As a matter of fact, in most parts of the country, record-breaking heat has led to a higher power burn (or cooling demand) for the fuel. With healthy LNG export likely to provide further support to U.S. natural gas futures, the price action continues to be favorable.

Meanwhile, current natural gas stocks — at 2,678 billion cubic feet (Bcf) — are 532 Bcf (16.6%) below the 2020 level at this time and 176 Bcf (6.2%) lower than the five-year (2016-2020) average. The low stockpile levels have also buoyed the price of the energy commodity with the apprehension that the market might enter the winter withdrawal season with supplies in storage well below normal.

Overall, given natural gas’ fundamental set-up, prices are expected to stay strong. This should aid gas-weighted producers like SilverBow Resources (SBOW - Free Report) , Range Resources Corporation (RRC - Free Report) and Antero Resources (AR - Free Report) . SilverBow and Range Resources sport a Zacks Rank #1 (Strong Buy), while Antero carries a Zacks Rank #2 (Buy).

You can see the complete list of today’s Zacks #1 Rank stocks here.

Over 30 days, SilverBow has seen the Zacks Consensus Estimate for 2021 increase 3.2%. SilverBow controls 165,000 net acres in the Eagle Ford and around 80% of its total output comprises natural gas. SilverBow Resources’ exposure to premium markets and focus on costs and margins should help it to benefit from rising natural gas prices.

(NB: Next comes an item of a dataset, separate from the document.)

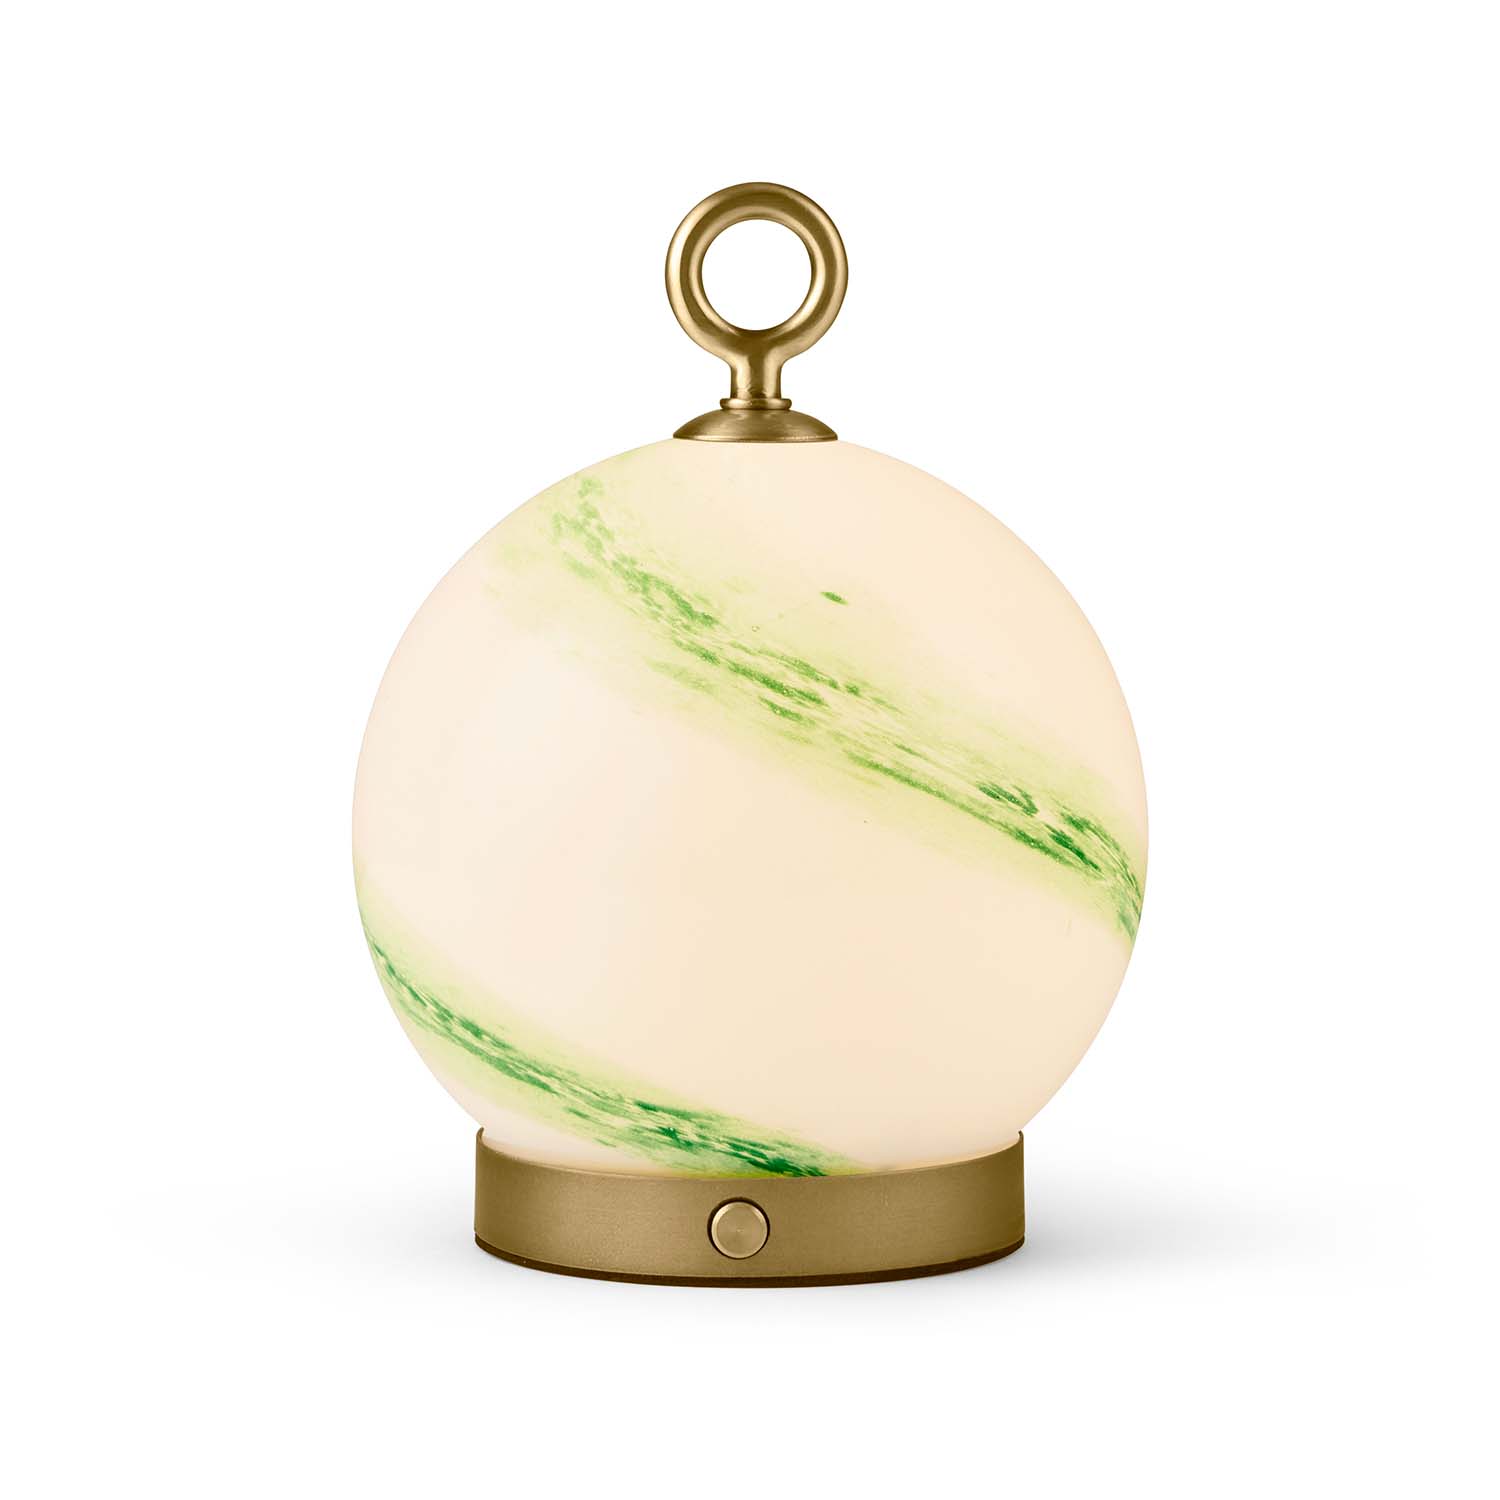 STOCKHOLM - Rechargeable marble-effect glass lamp

Range Resources has a strong footing in the prolific Appalachian Basin. In the gas-rich resource, the upstream firm has huge inventories of low-risk drilling sites that are likely to provide production for several decades. Over 30 days, Range Resources has seen the Zacks Consensus Estimate for 2021 increase 11.2%.

Antero Resources’ asset base — primarily focused on natural gas — is also concentrated on the Appalachian Basin. Antero Resources has amassed approximately 513,000 net acres of rich properties located in West Virginia and Ohio. Over 30 days, the firm has seen the Zacks Consensus Estimate for 2021 increase 10.6%.

For natural gas operators like Comstock Resources (CRK - Free Report) and EQT Corporation (EQT - Free Report) , investors should preferably wait for a better entry point before buying their shares. Both companies carry a Zacks Rank #3 (Hold).